Pair Corralation between TD Canadian and TD Index

Assuming the 90 days trading horizon TD Canadian Index is expected to generate 0.83 times more return on investment than TD Index. However, TD Canadian Index is 1.21 times less risky than TD Index. It trades about 0.06 of its potential returns per unit of risk. TD Index Fund is currently generating about -0.06 per unit of risk. If you would invest  4,172  in TD Canadian Index on December 27, 2024 and sell it today you would earn a total of  122.00  from holding TD Canadian Index or generate 2.92% return on investment over 90 days.
Time Period3 Months [change]
DirectionMoves Together 
StrengthSignificant
Accuracy100.0%
ValuesDaily Returns

TD Canadian Index  vs.  TD Index Fund

 Performance 
       Timeline  
TD Canadian Index 

Risk-Adjusted Performance

Insignificant

 
Weak
 
Strong
Compared to the overall equity markets, risk-adjusted returns on investments in TD Canadian Index are ranked lower than 4 (%) of all funds and portfolios of funds over the last 90 days. Despite somewhat strong fundamental drivers, TD Canadian is not utilizing all of its potentials. The recent stock price disturbance, may contribute to short-term losses for the investors.
TD Index Fund 

Risk-Adjusted Performance

Very Weak

 
Weak
 
Strong
Over the last 90 days TD Index Fund has generated negative risk-adjusted returns adding no value to fund investors. Despite somewhat strong basic indicators, TD Index is not utilizing all of its potentials. The recent stock price disturbance, may contribute to short-term losses for the investors.

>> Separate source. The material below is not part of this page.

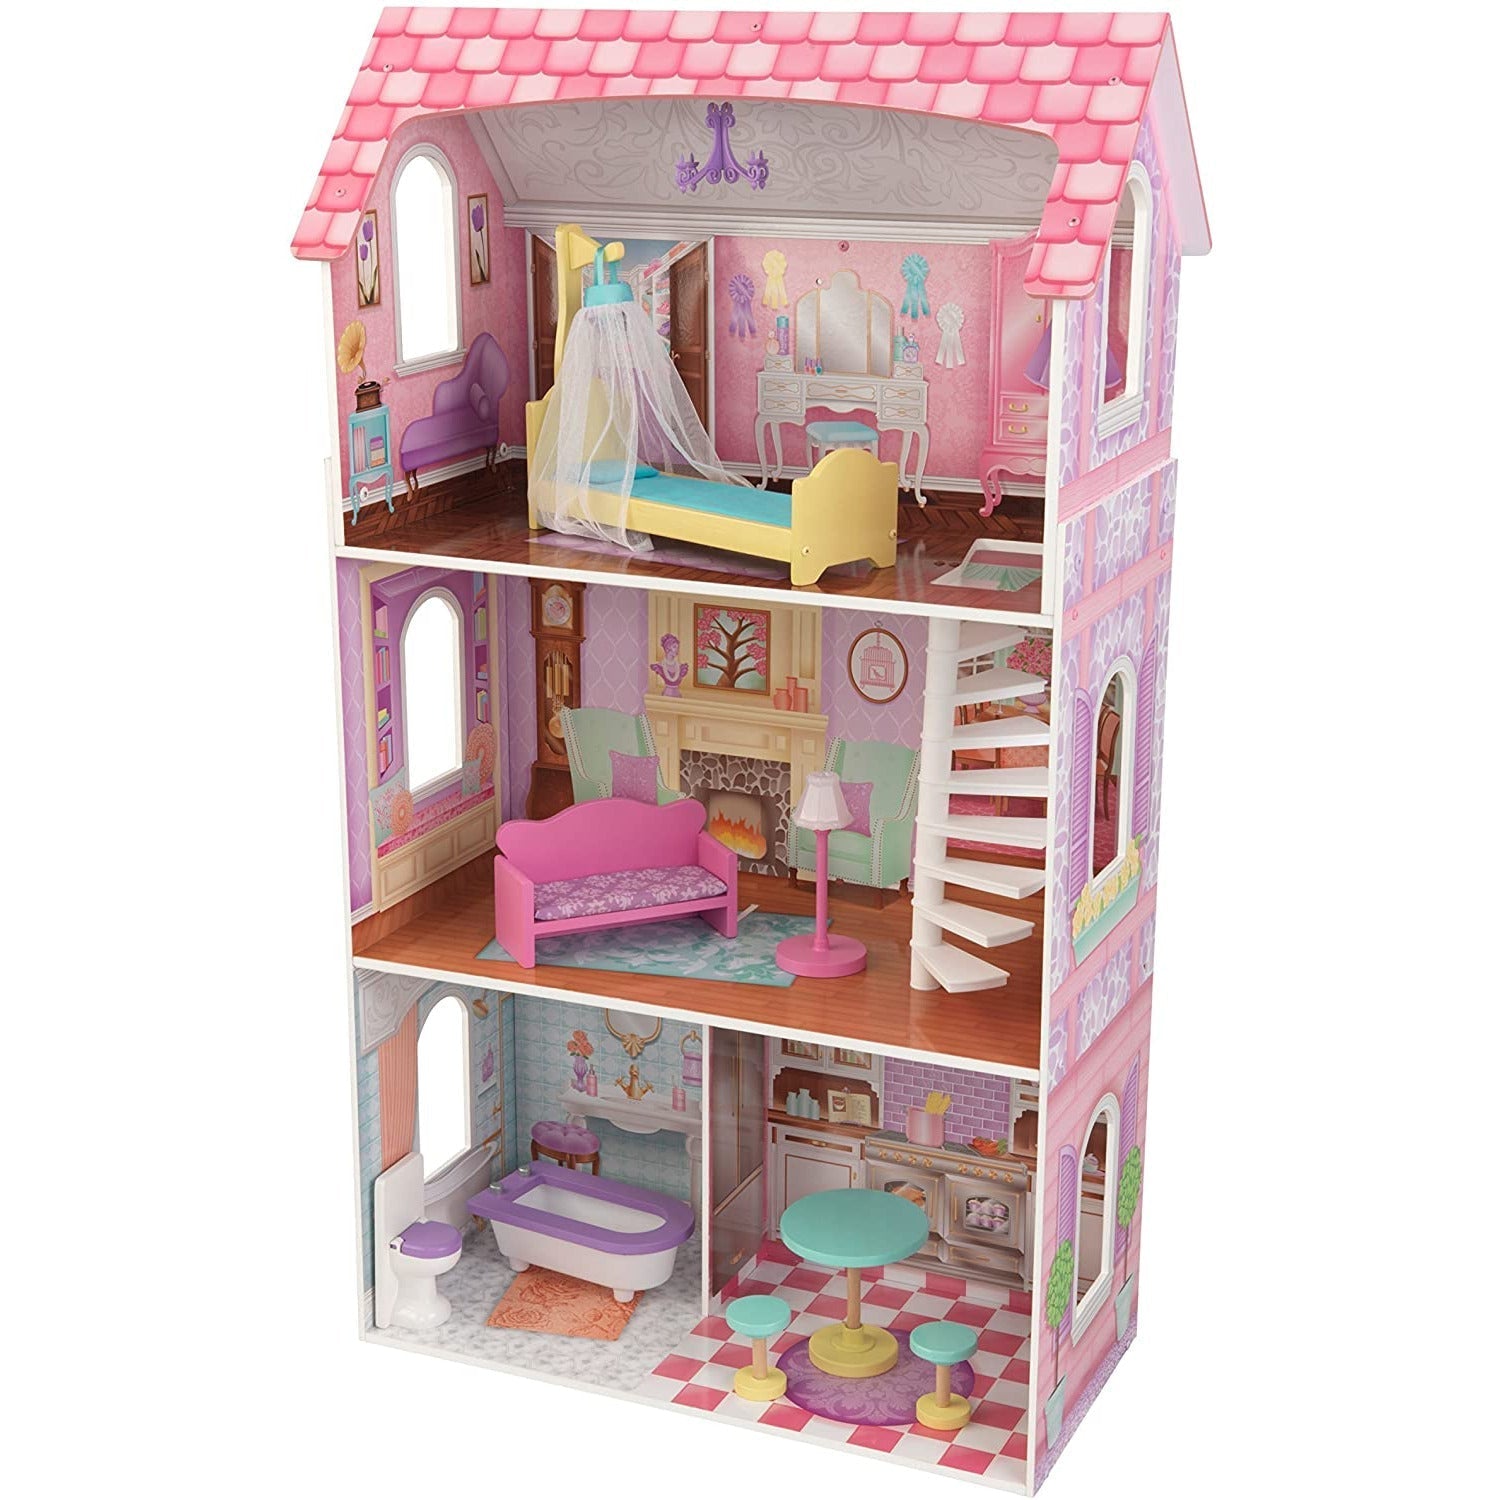 Dollhouse with Furniture for kids 110 x 65 x 33 cm (Model 2) - Little Kids Business

TD Canadian and TD Index Volatility Contrast

   Predicted Return Density   
       Returns  

Pair Trading with TD Canadian and TD Index

The main advantage of trading using opposite TD Canadian and TD Index positions is that it hedges away some unsystematic risk. Because of two separate transactions, even if TD Canadian position performs unexpectedly, TD Index can make up some of the losses. Pair trading also minimizes risk from directional movements in the market. For example, if an entire industry or sector drops because of unexpected headlines, the short position in TD Index will offset losses from the drop in TD Index's long position.
The idea behind TD Canadian Index and TD Index Fund pairs trading is to make the combined position market-neutral, meaning the overall market's direction will not affect its win or loss (or potential downside or upside). This can be achieved by designing a pairs trade with two highly correlated stocks or equities that operate in a similar space or sector, making it possible to obtain profits through simple and relatively low-risk investment.
Check out your portfolio center.
Note that this page's information should be used as a complementary analysis to find the right mix of equity instruments to add to your existing portfolios or create a brand new portfolio. You can also try the Technical Analysis module to check basic technical indicators and analysis based on most latest market data.